L'essentiel Jeudi 11 Février @ VIPress.netOrange investira 2 milliards d'euros dans la fibre en France d'ici 2015
Estimant que les conditions sont aujourd'hui réunies pour une reprise des investissements pour le déploiement du très haut-débit, France Télécom va investir environ 2 milliards d'euros d'ici 2015 dans la fibre optique dans les zones très denses, telles que définies par l'Arcep (zone 1) et au-delà dans les zones les plus denses.

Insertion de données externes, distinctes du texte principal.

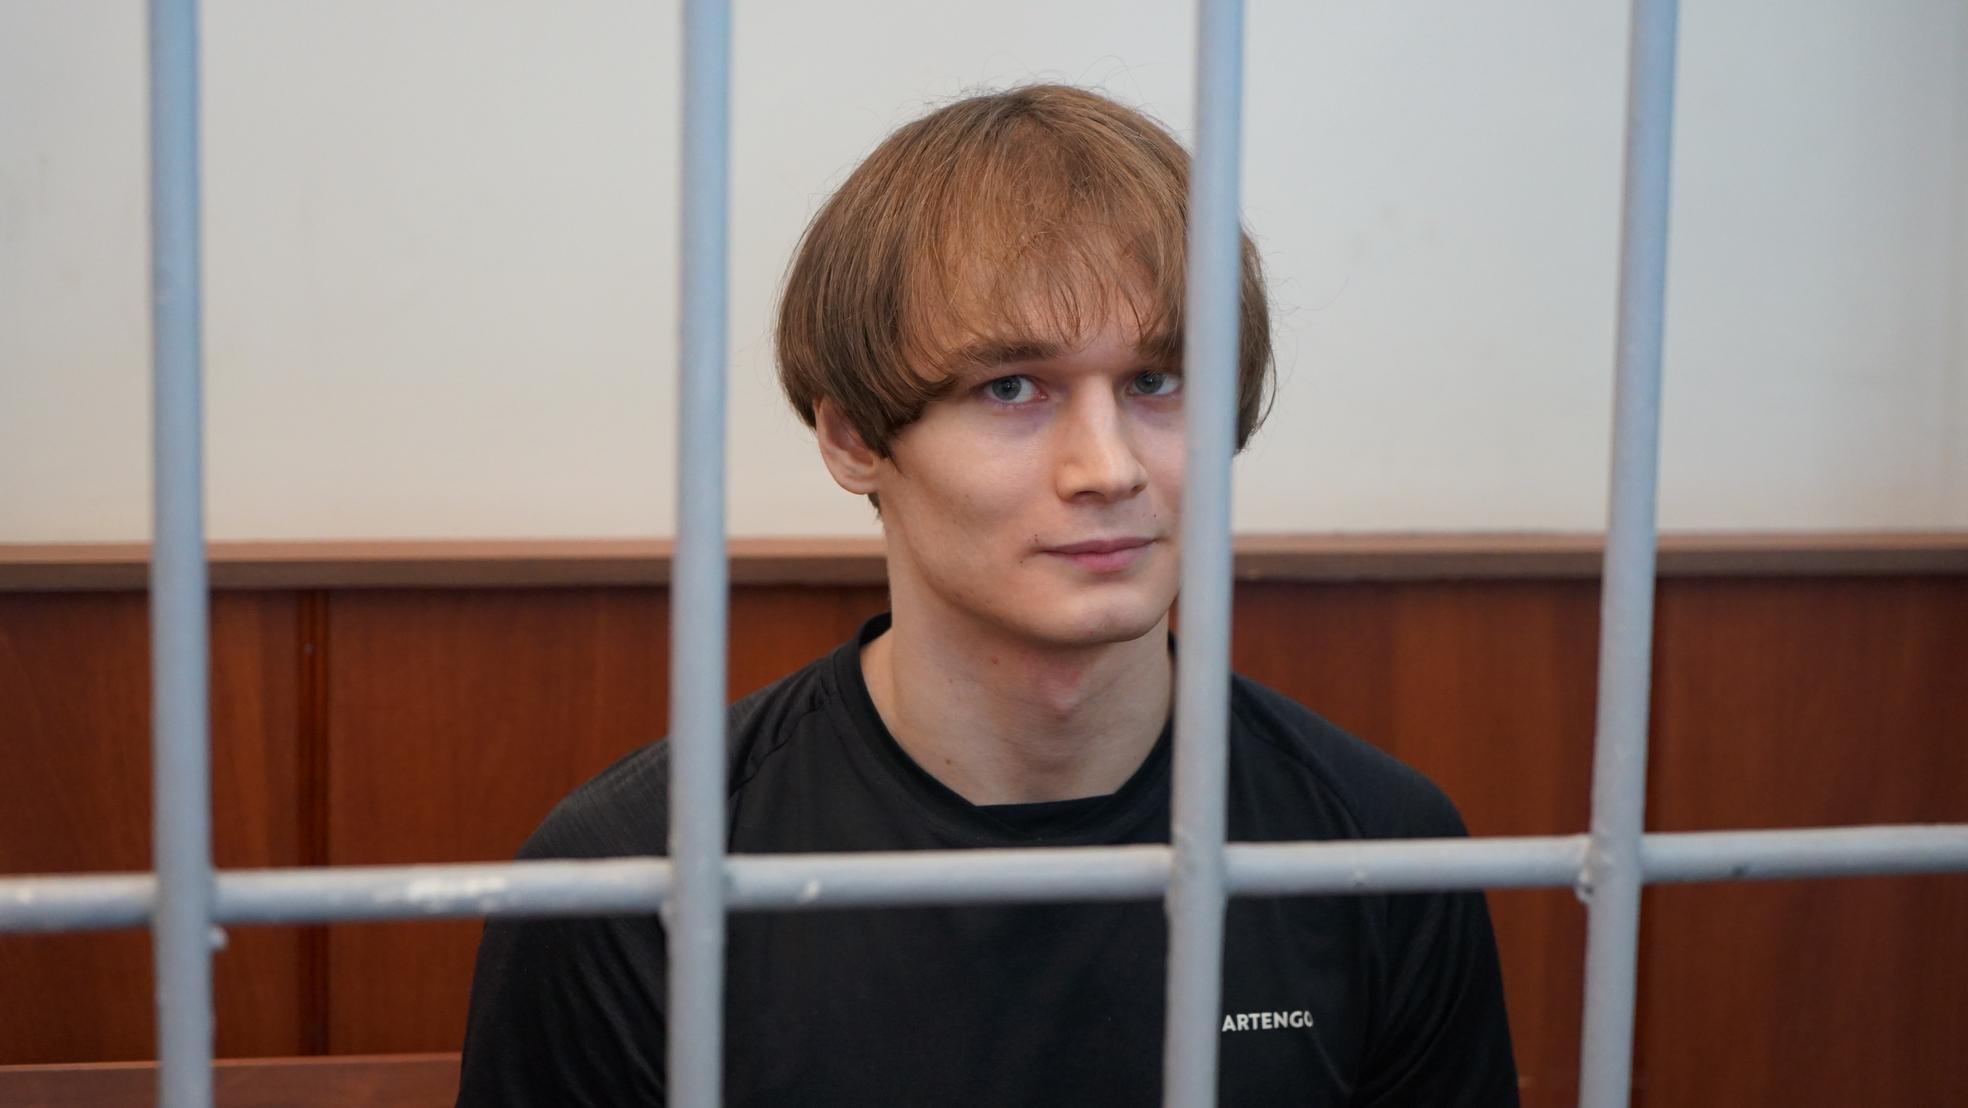 Азат Мифтахов на заседании Головинского суда. Фото Н. Деминой

L’opérateur rappelle qu’il investit déjà en France près de 3 milliards d'euros par an dans ses réseaux et ses infrastructures pour le grand public et les entreprises. Avec ce nouveau programme, le groupe n'envisage pas de modifier substantiellement le montant de ses investissements en France, dont une partie importante continuera d'être consacrée à la modernisation et à la maintenance de son réseau et de son infrastructure de services.

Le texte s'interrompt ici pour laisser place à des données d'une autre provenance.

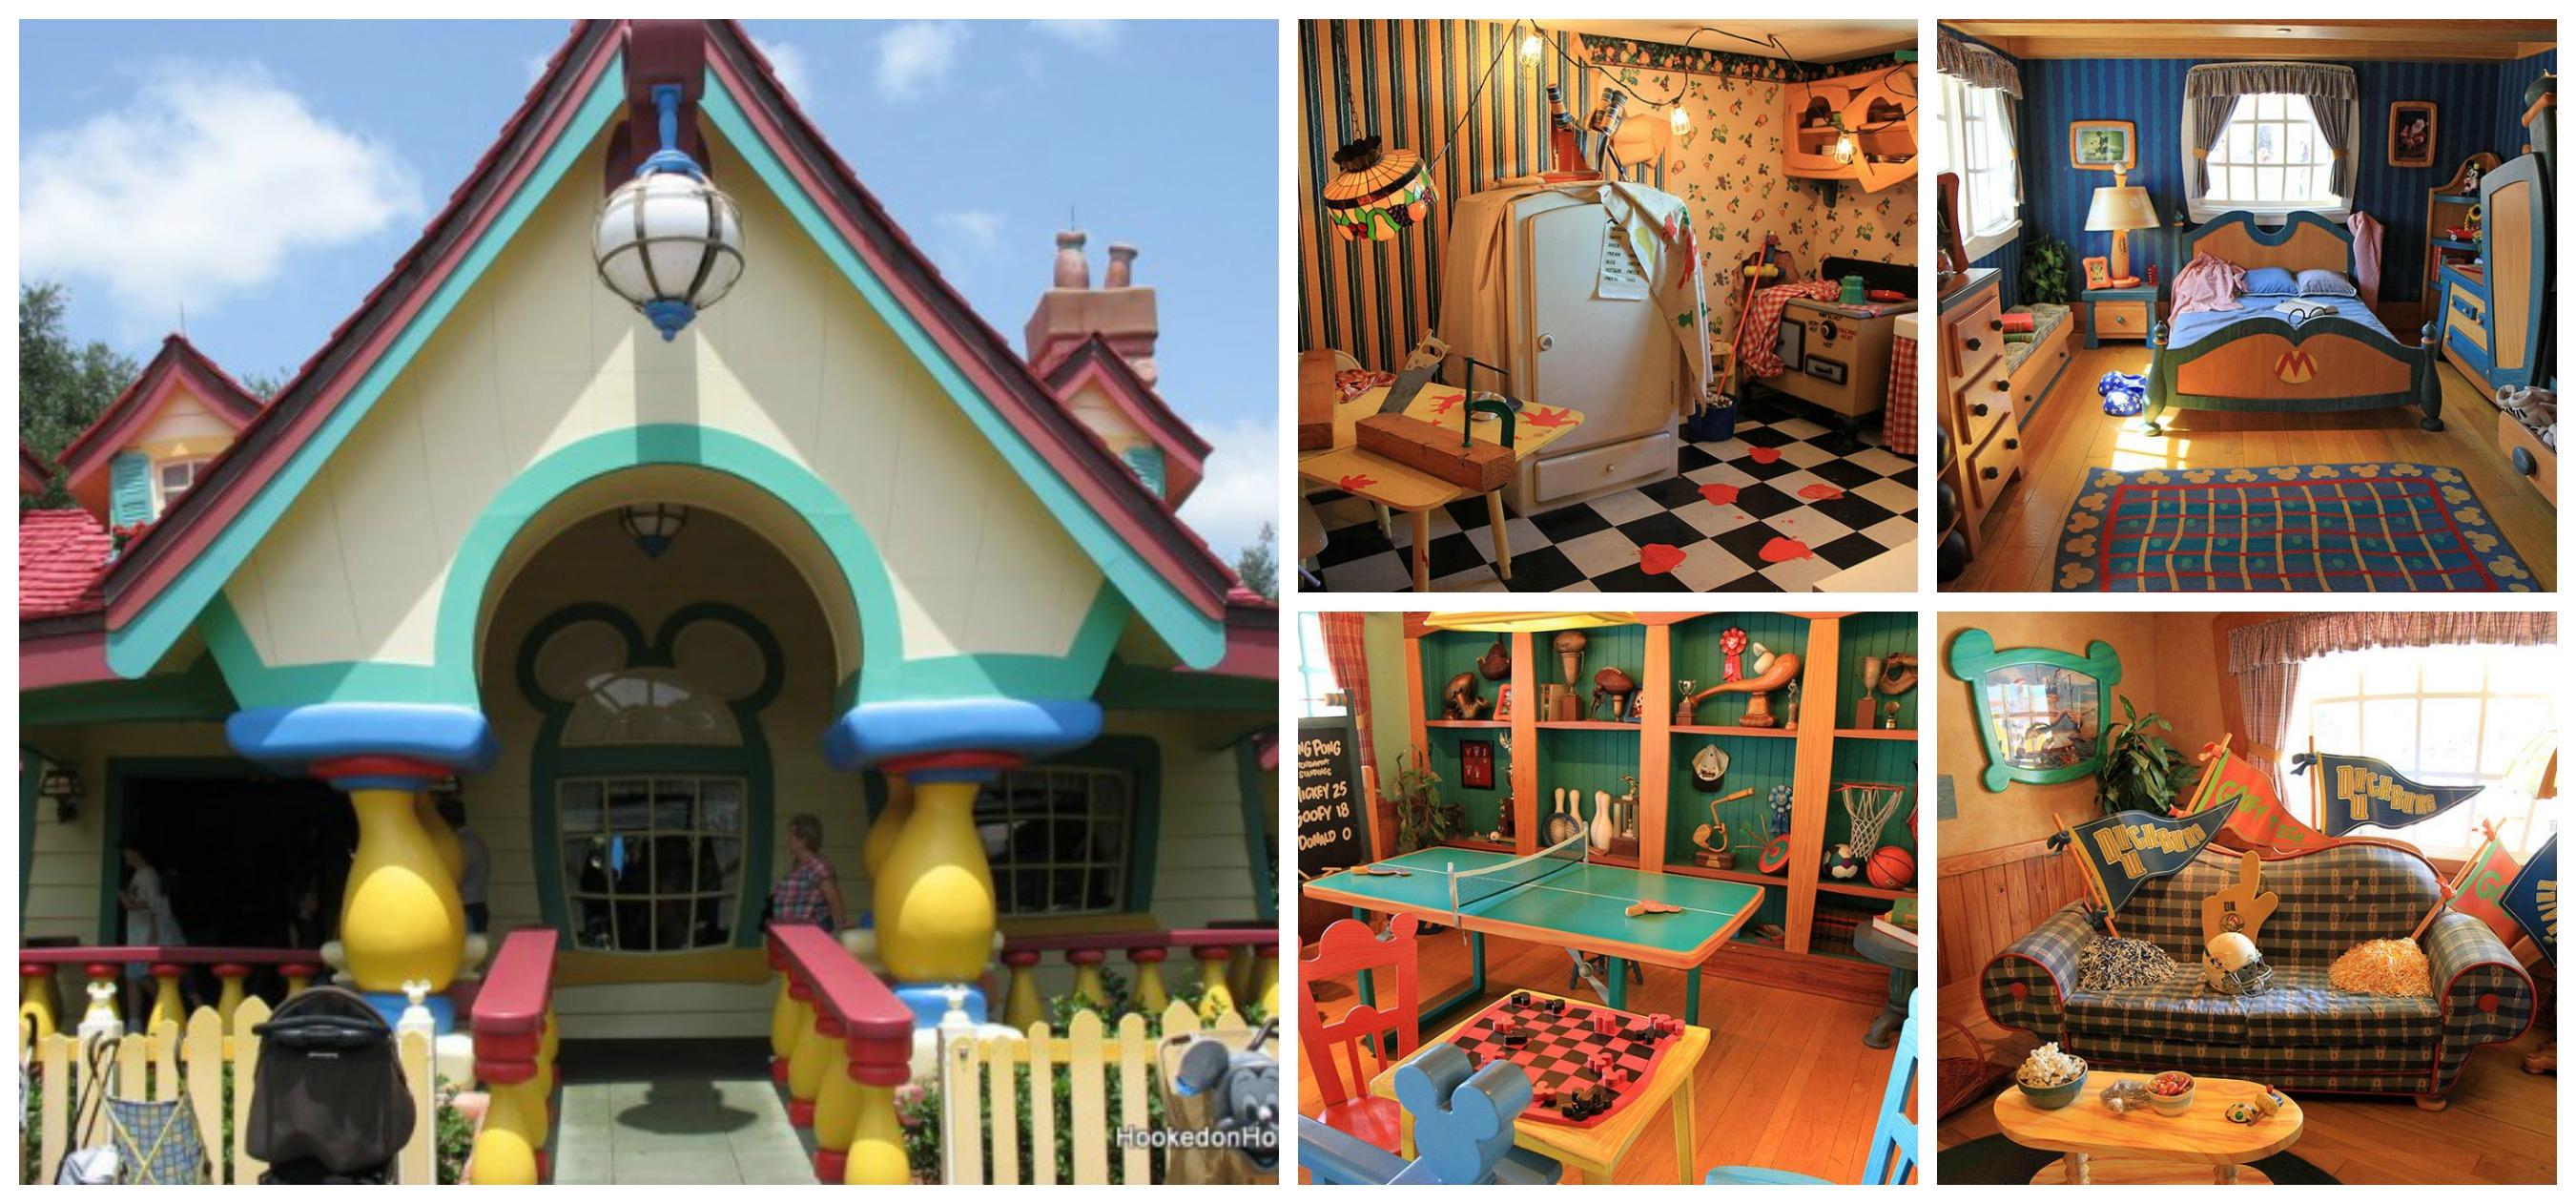 8 asombrosas casas reales inspiradas en dibujos animados - Casas de peliculas ...

Au 30 septembre 2009, Orange comptait 33 000 clients à son offre en offre optique.
Dans les zones très denses, le déploiement reprendra dans les neuf agglomérations déjà couvertes et en Île-de-France. Ce déploiement sera également étendu dès 2010 dans de nouvelles villes telles que Cannes, Montpellier, Orléans, Rennes, Strasbourg et Toulon.
Conformément à la décision de l'ARCEP, Orange présentera au mois de février une offre de mutualisation des câblages dans les immeubles et sera ainsi à même de prendre sa part dans ces investissements au même titre que les autres acteurs du marché.
Orange prévoit également d'investir dans les zones denses (zone 2). Une phase d'expérimentation sera menée à Chatou (78) et Oullins (69) avant un déploiement plus large dès que possible dans six villes dès 2010 : Brest, Dijon, Le Havre, Pau, Reims et Valenciennes.
Orange est par ailleurs ouvert à différentes formes de co-investissement avec d'autres opérateurs dans la zone 2. Un accord a ainsi été signé avec SFR pour réaliser des tests opérationnels à Palaiseau et à Bondy en préparation d'un contrat de co-investissement. Des discussions sont en cours de finalisation pour l'étendre à Free et à une troisième ville. Cet accord peut s'ouvrir à d'autres opérateurs.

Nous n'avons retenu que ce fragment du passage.